Data excerpt:
== Segment start ==
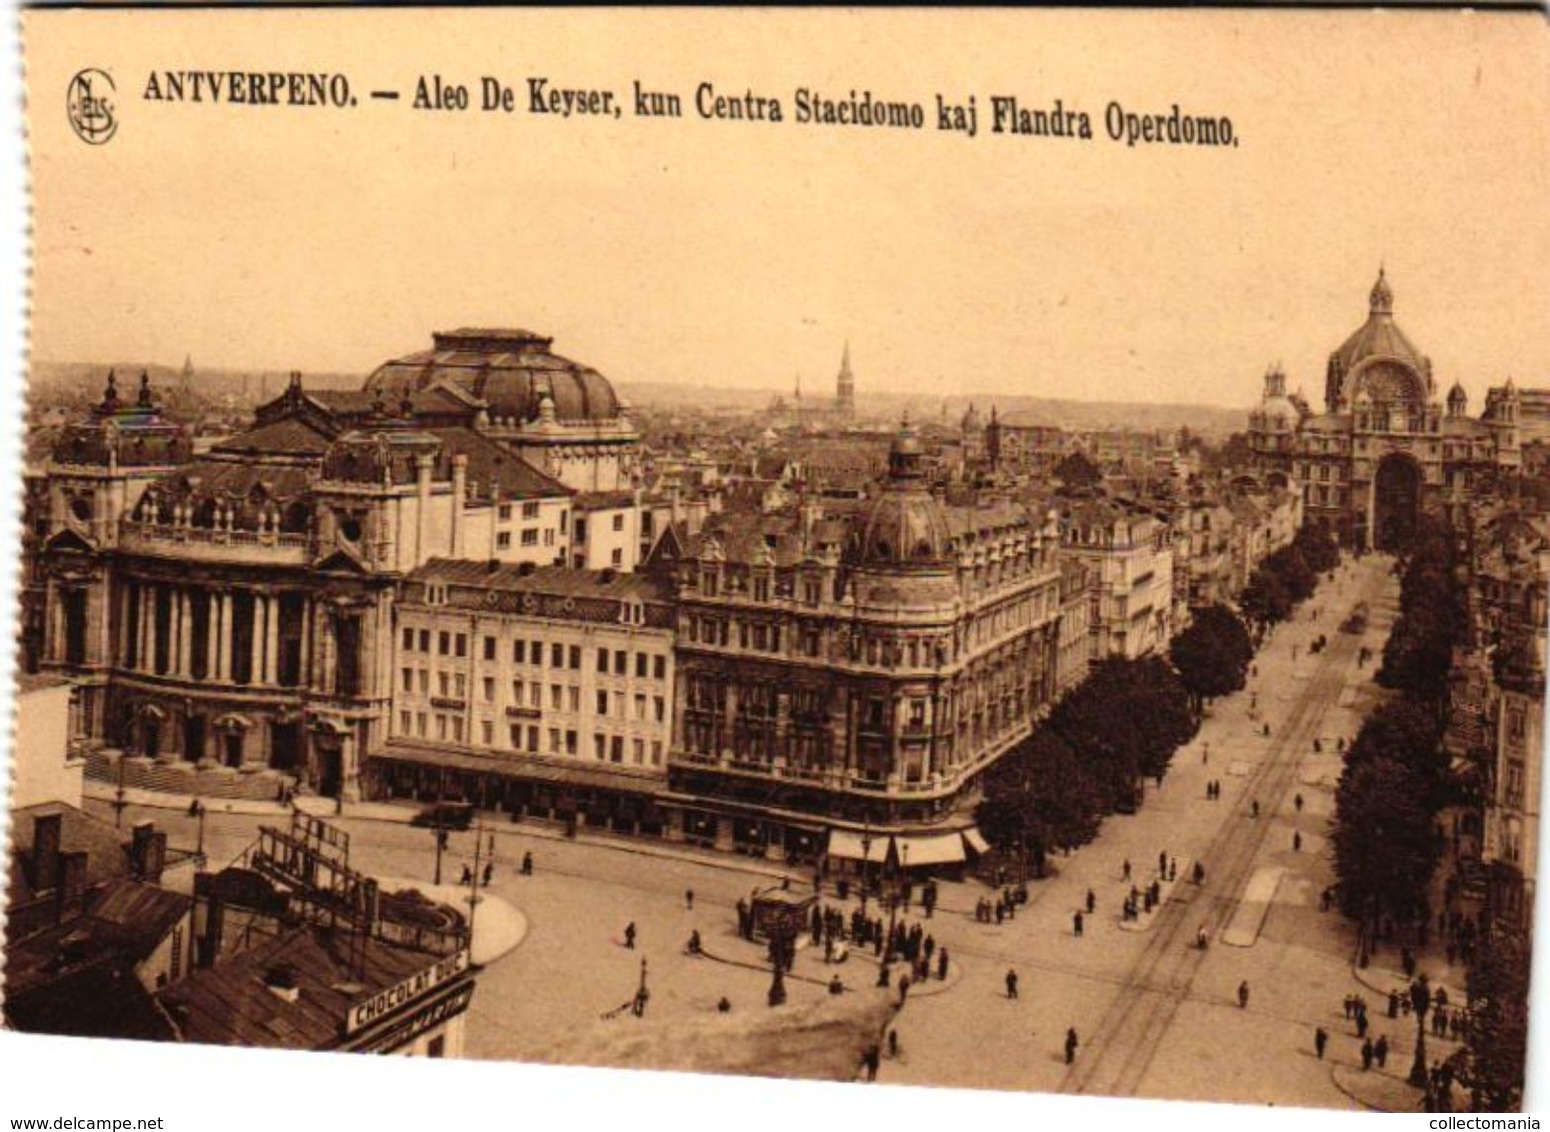 9 oude postkaarten  Esperanto kunsttaal , nieuwjaarswensen, nova Jaro  Zamenhof 1859-1917, Antwerpen sluitzegels
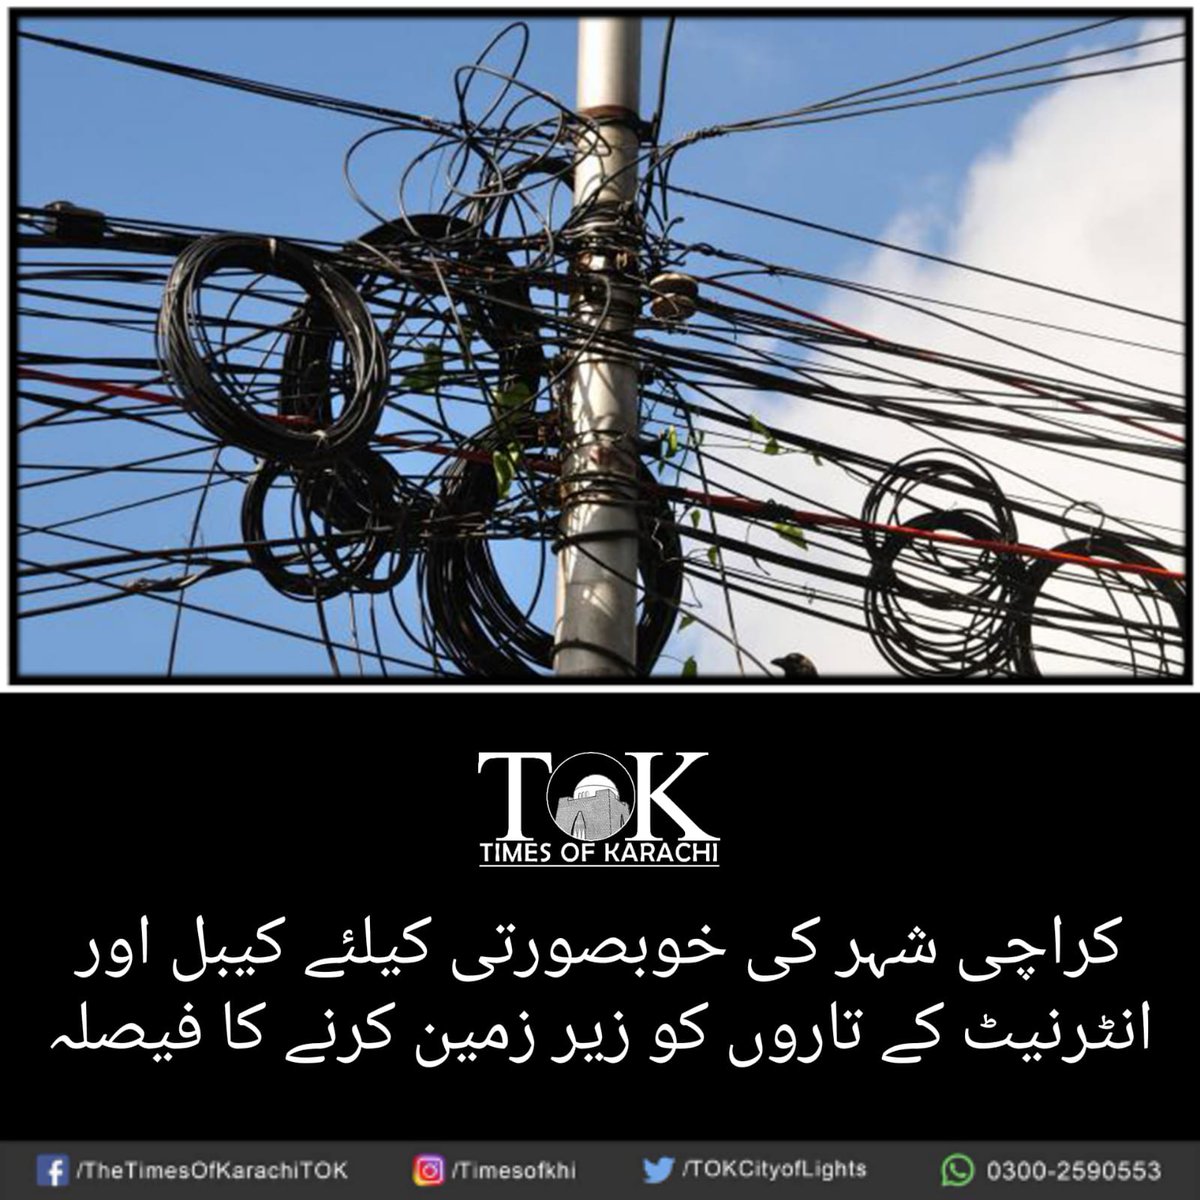 کراچی شہر کی خوبصورتی میں اضافے کے پیش نظر کیبل اور انٹرنیٹ کے تاروں کو زیر زمین کرنے کا فیصلہ کیا گیا ہے۔ #TOKAlert #Karachi تفصیلات، bit.ly/3eMDOtC
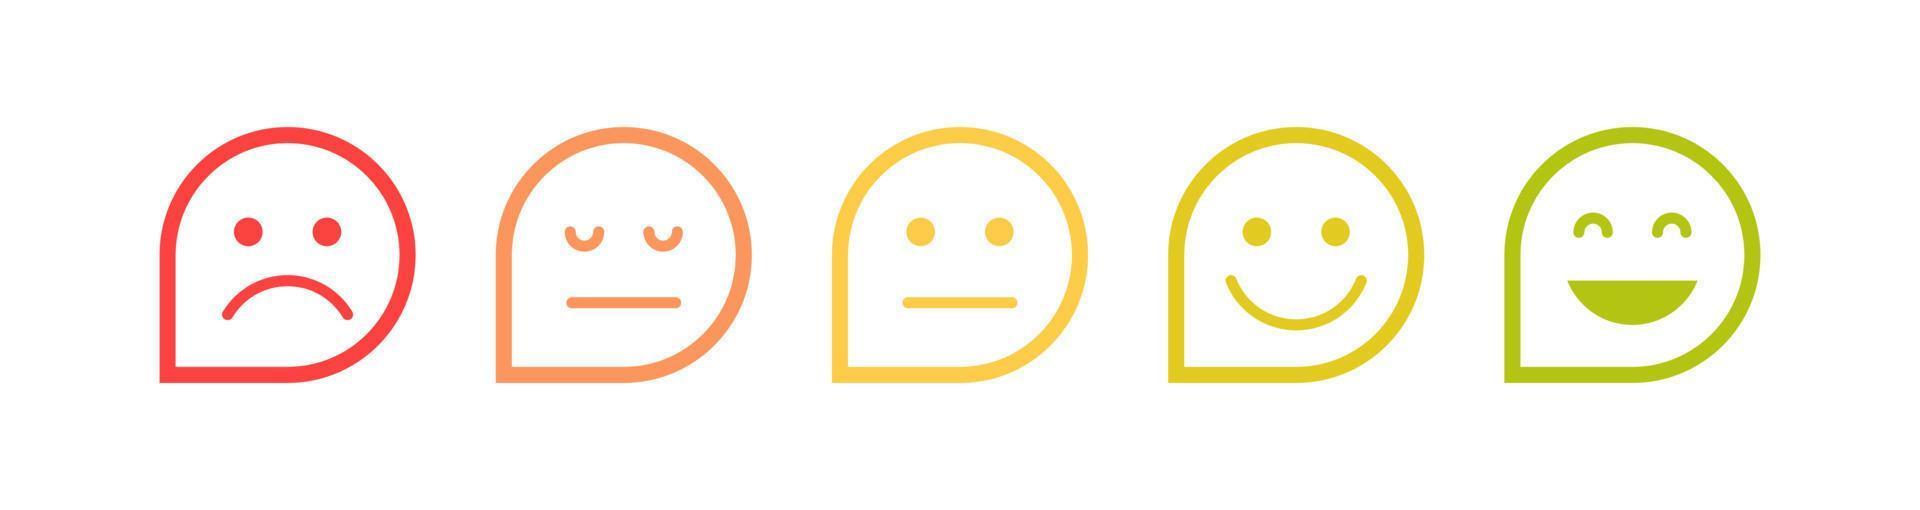 feedback dei clienti espressioni facciali ed espressioni semplici diverse illustrazioni vettoriali piatte del sorriso dei cartoni animati.
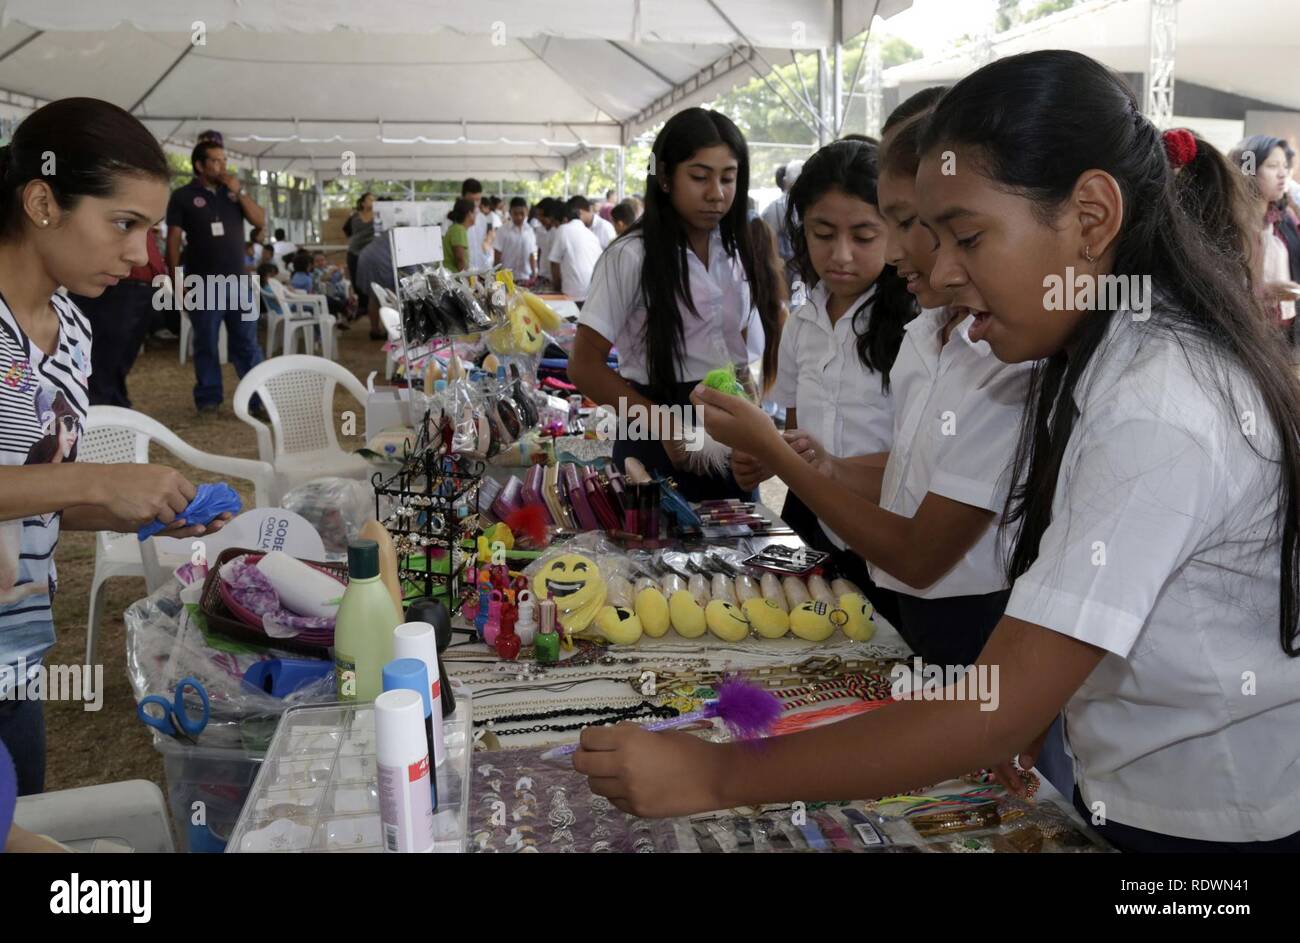 Apertura de sede programa de empleo Jóvenes con todo, Soyapango (25553865473). Stock Photo
== Segment end ==
Task description: Print, exactly as written, the lines from the one containing "کراچی شہر کی" to the end of the material, both ends included, and nothing else; no pictures.

Exercise result:
 کراچی شہر کی خوبصورتی میں اضافے کے پیش نظر کیبل اور انٹرنیٹ کے تاروں کو زیر زمین کرنے کا فیصلہ کیا گیا ہے۔ #TOKAlert #Karachi تفصیلات، bit.ly/3eMDOtC
 feedback dei clienti espressioni facciali ed espressioni semplici diverse illustrazioni vettoriali piatte del sorriso dei cartoni animati.
 Apertura de sede programa de empleo Jóvenes con todo, Soyapango (25553865473). Stock Photo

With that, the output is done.